• Supplied material:
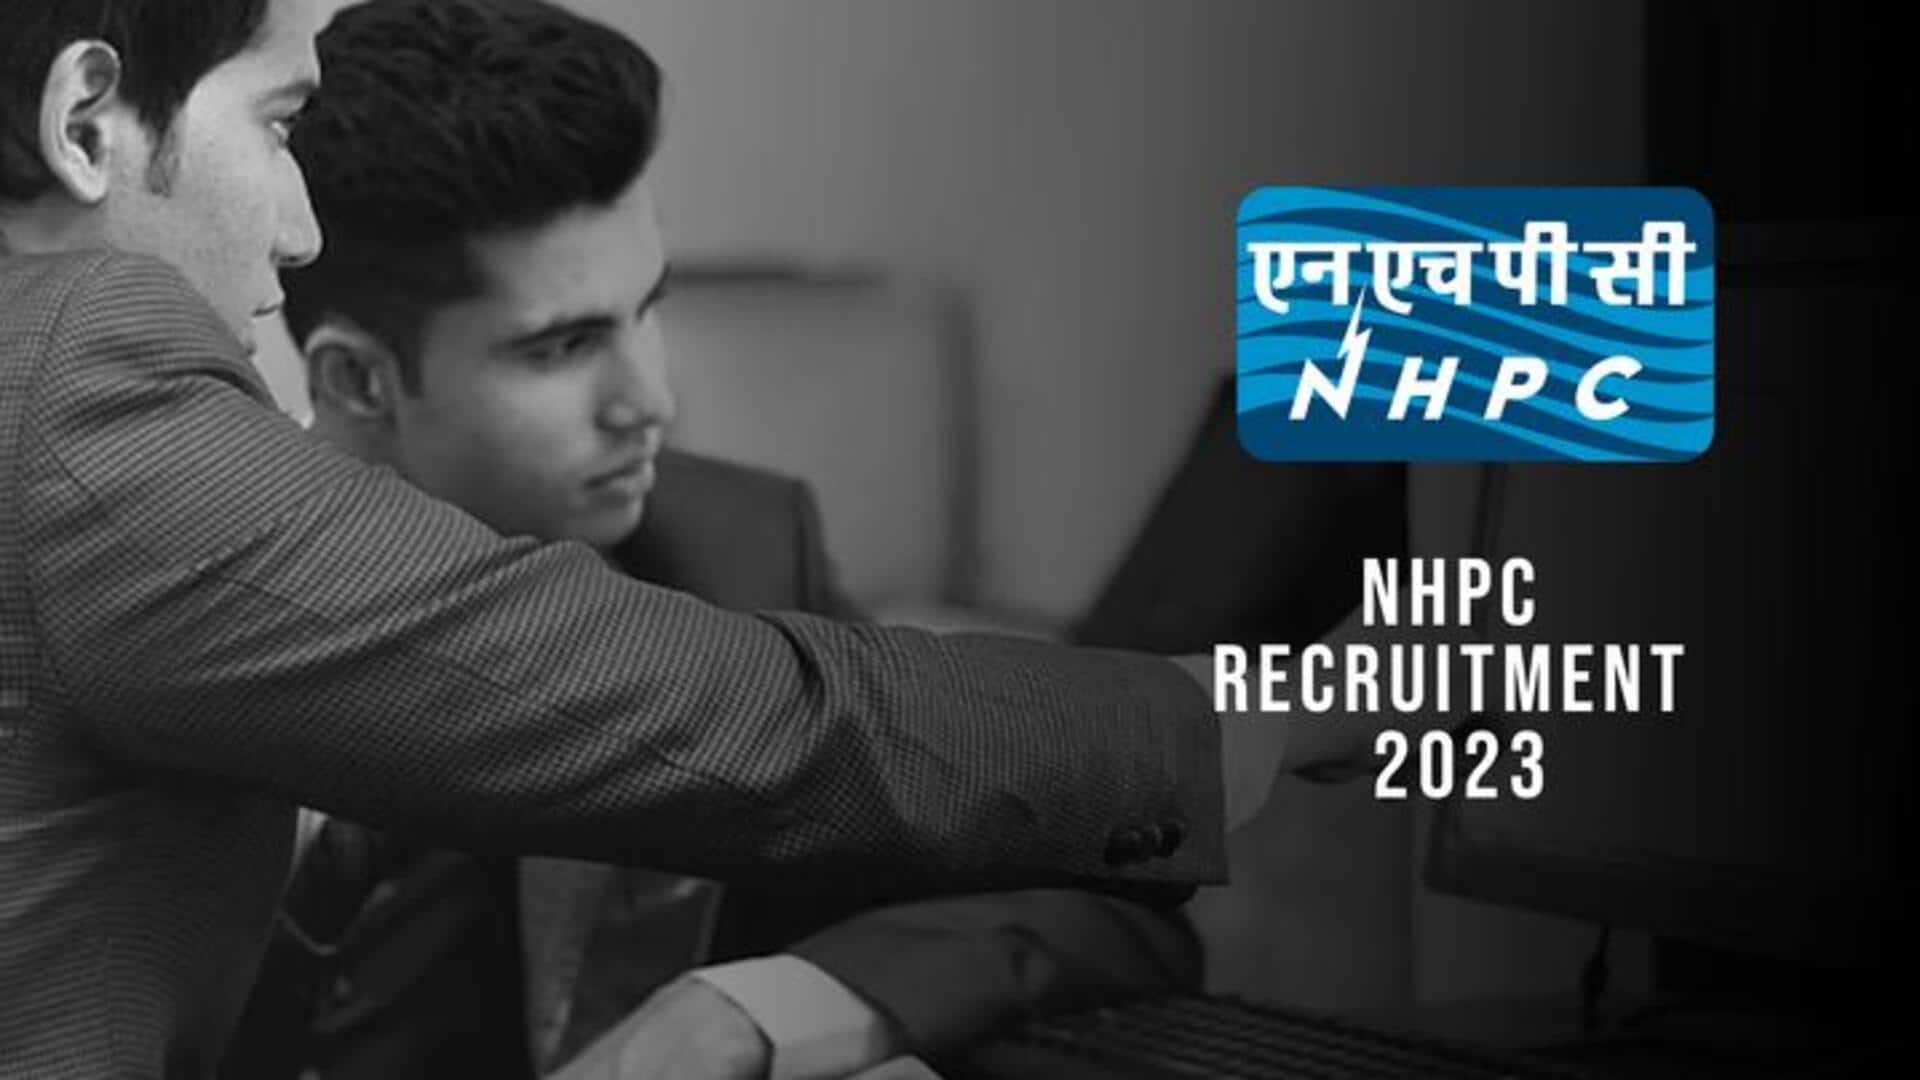 NHPC ने 388 पदों पर निकाली भर्ती, आज से शुरू हुई आवेदन प्रक्रिया
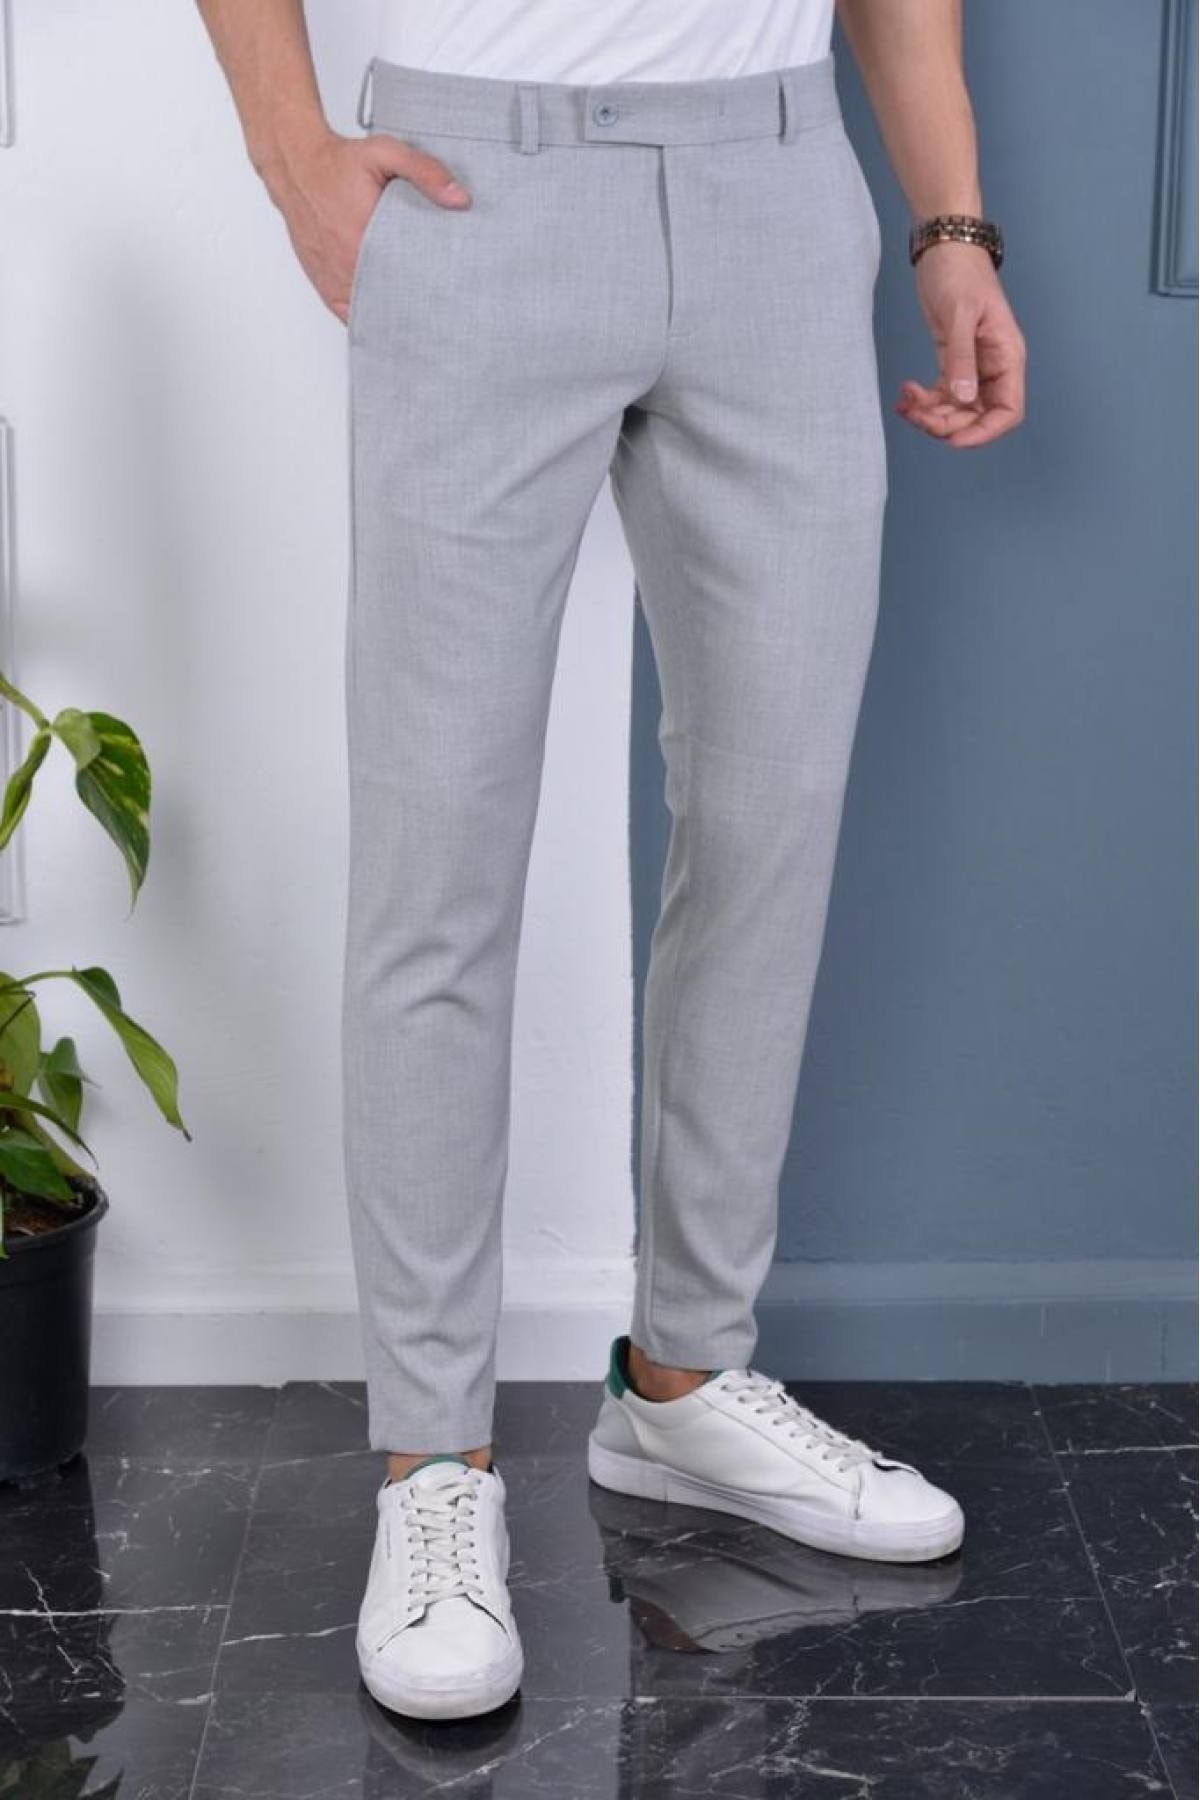 Gavazzi Erkek Gri Renk Italyan Kesim Kaliteli Esnek Likralı Bilek Boy Kumaş Pantolon
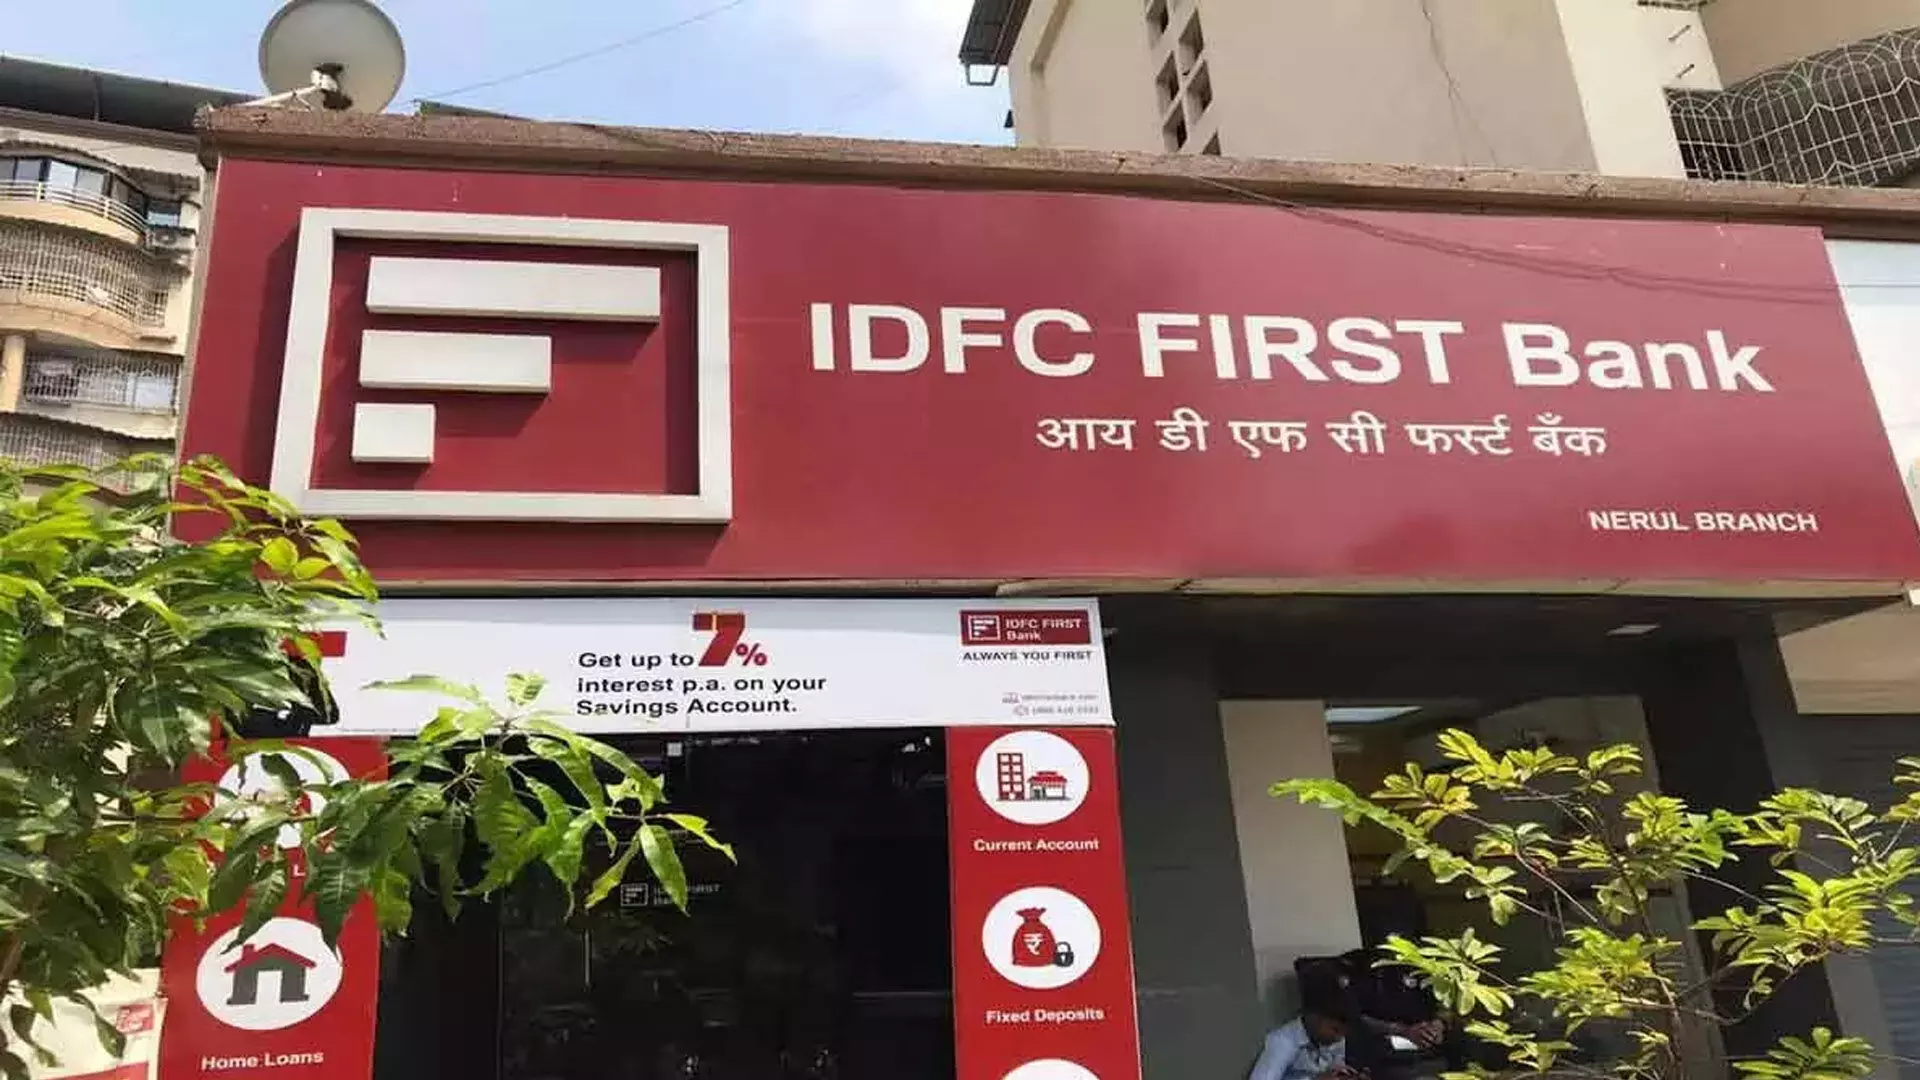 IDFC First Bank 3,200 करोड़ रुपये जुटाने की बना रहा योजना
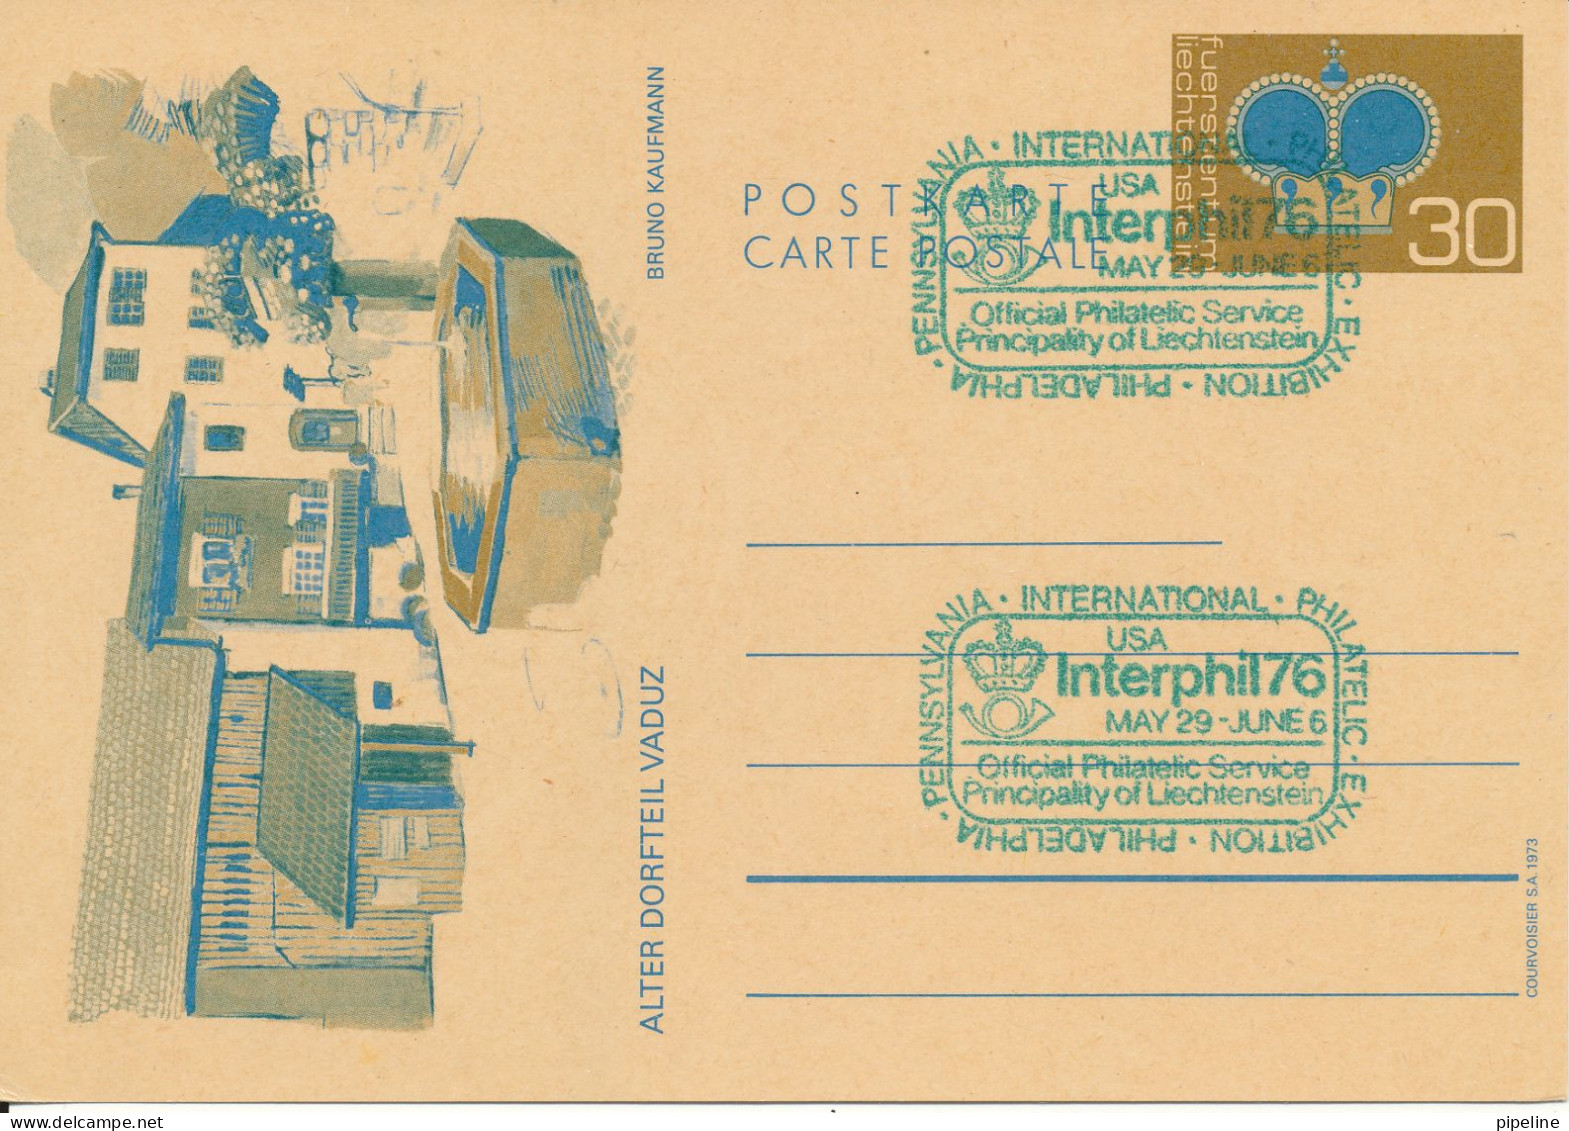 Liechtenstein Postal Stationery Card Interphil 76 USA 29-5 - 6-6-1976 - Entiers Postaux

• Problem to solve: Print the listing verbatim, images excluded.

• Solution to this exercise:
 NHPC ने 388 पदों पर निकाली भर्ती, आज से शुरू हुई आवेदन प्रक्रिया
 Gavazzi Erkek Gri Renk Italyan Kesim Kaliteli Esnek Likralı Bilek Boy Kumaş Pantolon
 IDFC First Bank 3,200 करोड़ रुपये जुटाने की बना रहा योजना
 Liechtenstein Postal Stationery Card Interphil 76 USA 29-5 - 6-6-1976 - Entiers Postaux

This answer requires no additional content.